DATA FOR REVIEW Block Start
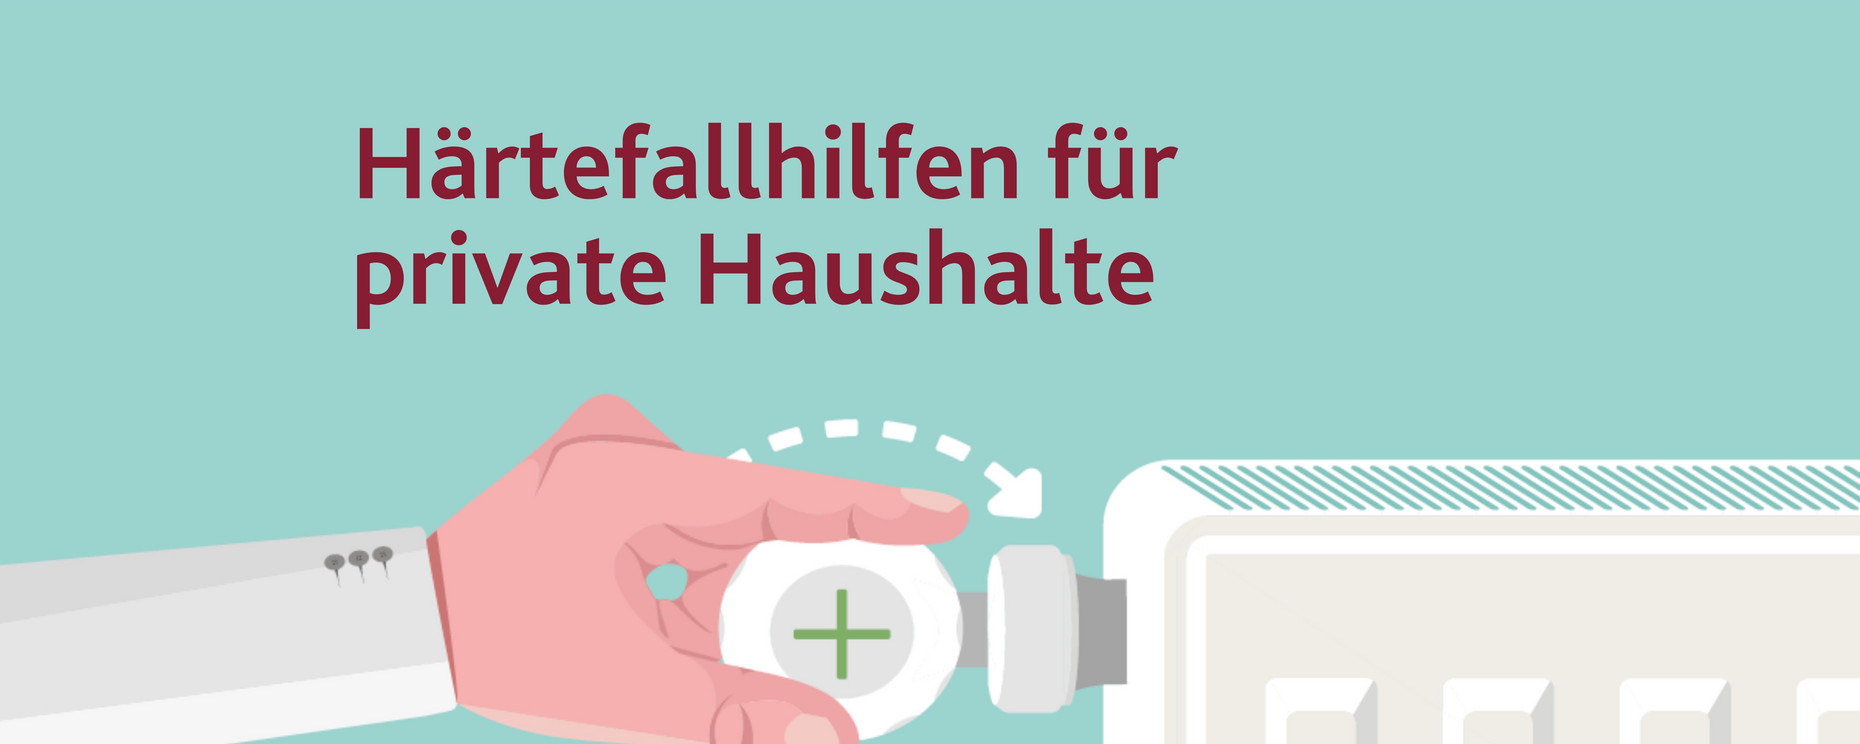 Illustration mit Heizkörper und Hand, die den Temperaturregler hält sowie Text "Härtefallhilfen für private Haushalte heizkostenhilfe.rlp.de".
DATA FOR REVIEW Block End
DATA FOR REVIEW Block Start
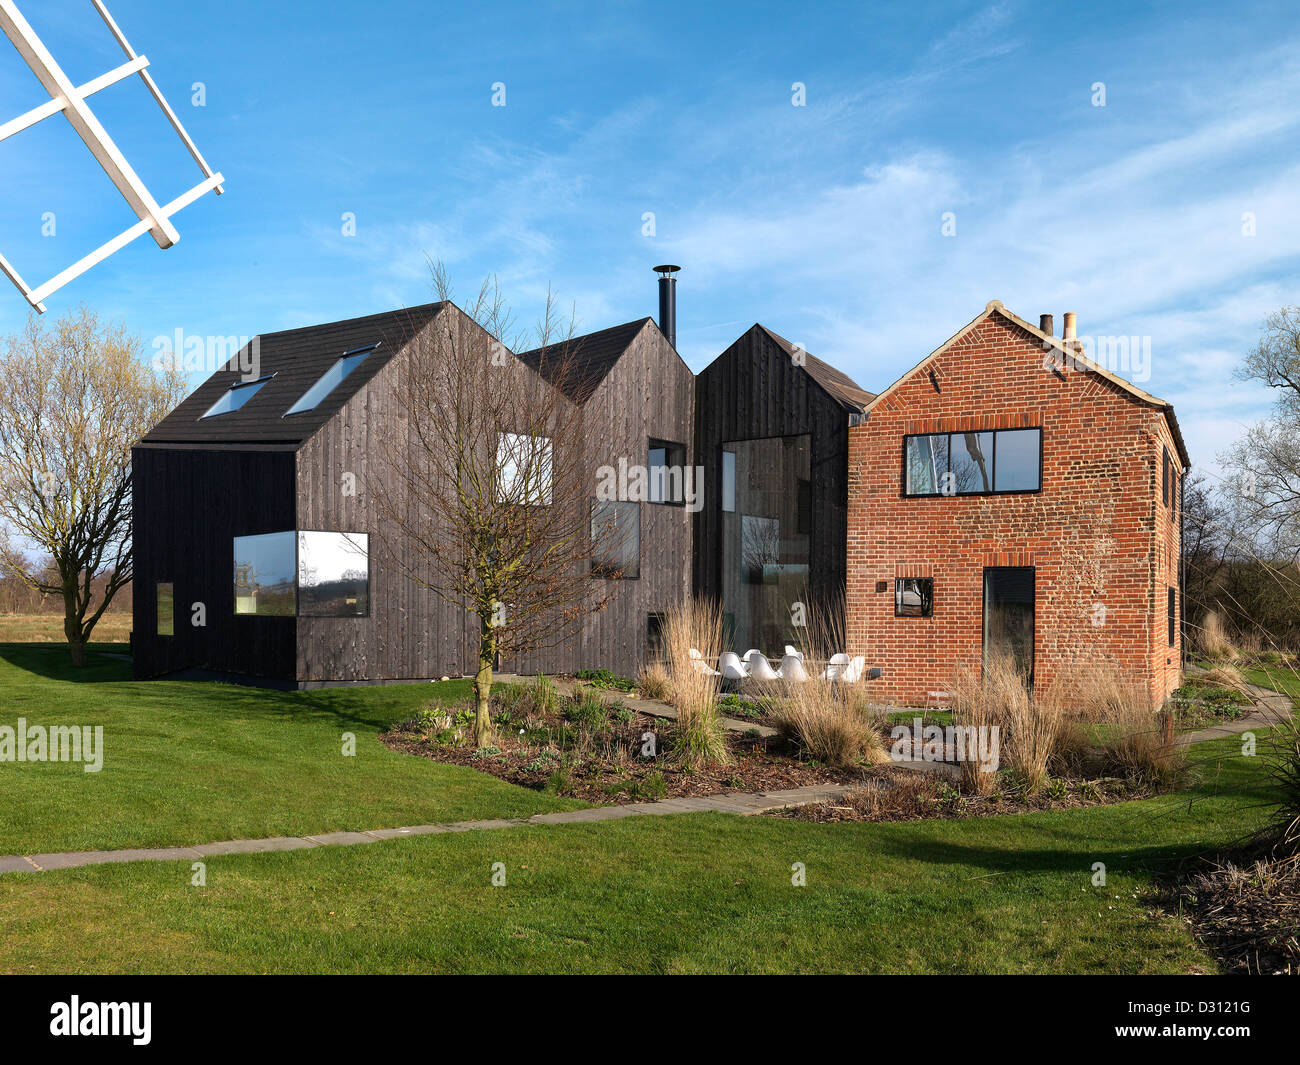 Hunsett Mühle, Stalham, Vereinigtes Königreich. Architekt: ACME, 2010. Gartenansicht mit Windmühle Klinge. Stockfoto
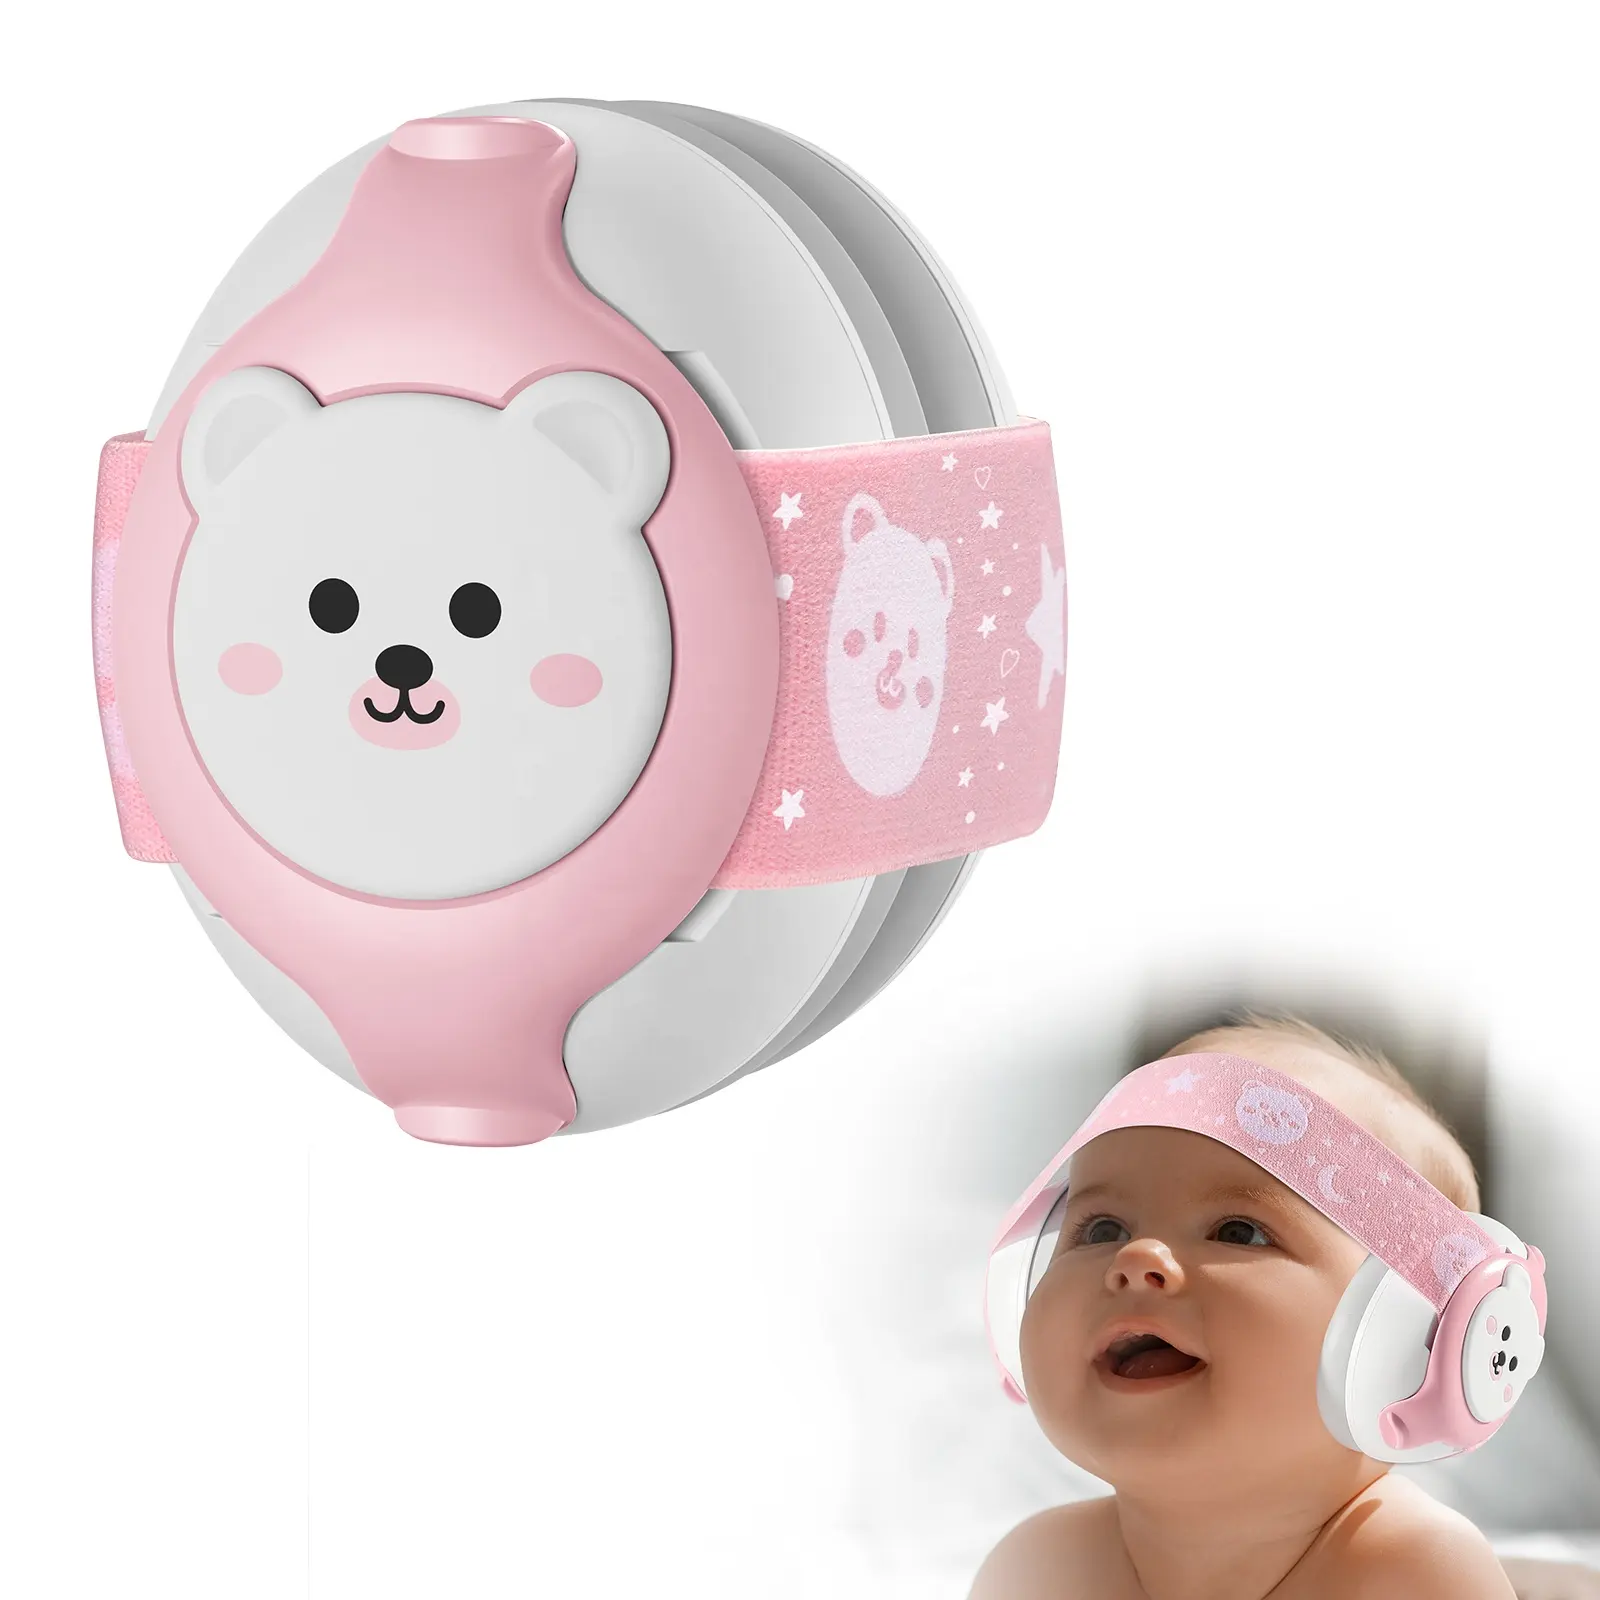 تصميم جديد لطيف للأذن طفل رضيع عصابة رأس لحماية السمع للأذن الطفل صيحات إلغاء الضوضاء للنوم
DATA FOR REVIEW Block End
DATA FOR REVIEW Block Start
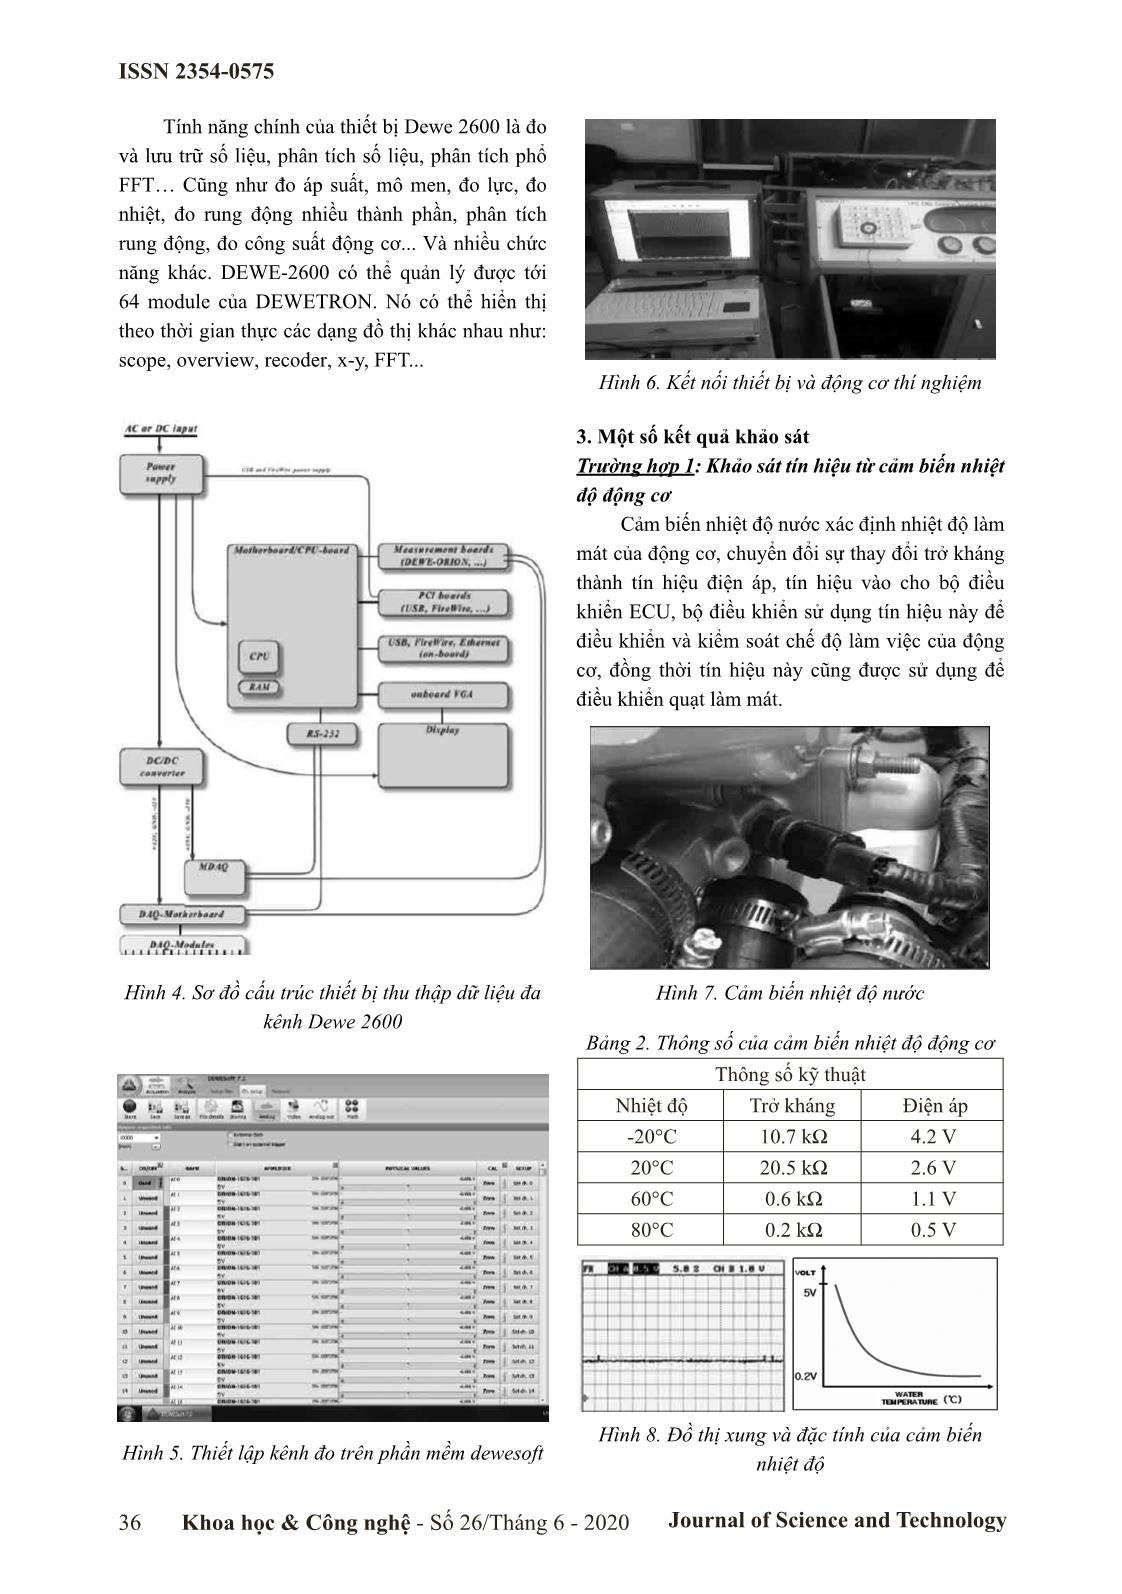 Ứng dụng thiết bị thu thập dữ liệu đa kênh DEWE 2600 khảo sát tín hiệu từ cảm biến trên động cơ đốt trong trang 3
DATA FOR REVIEW Block End
#### REQUIREMENT
Go back to the lines above and output, exactly as they stand, the ones from the line containing "Hunsett Mühle, Stalham, Vereinigtes" to the line containing "تصميم جديد لطيف". Leave all pictures behind.

#### ANSWER TO THIS TASK
 Hunsett Mühle, Stalham, Vereinigtes Königreich. Architekt: ACME, 2010. Gartenansicht mit Windmühle Klinge. Stockfoto
 تصميم جديد لطيف للأذن طفل رضيع عصابة رأس لحماية السمع للأذن الطفل صيحات إلغاء الضوضاء للنوم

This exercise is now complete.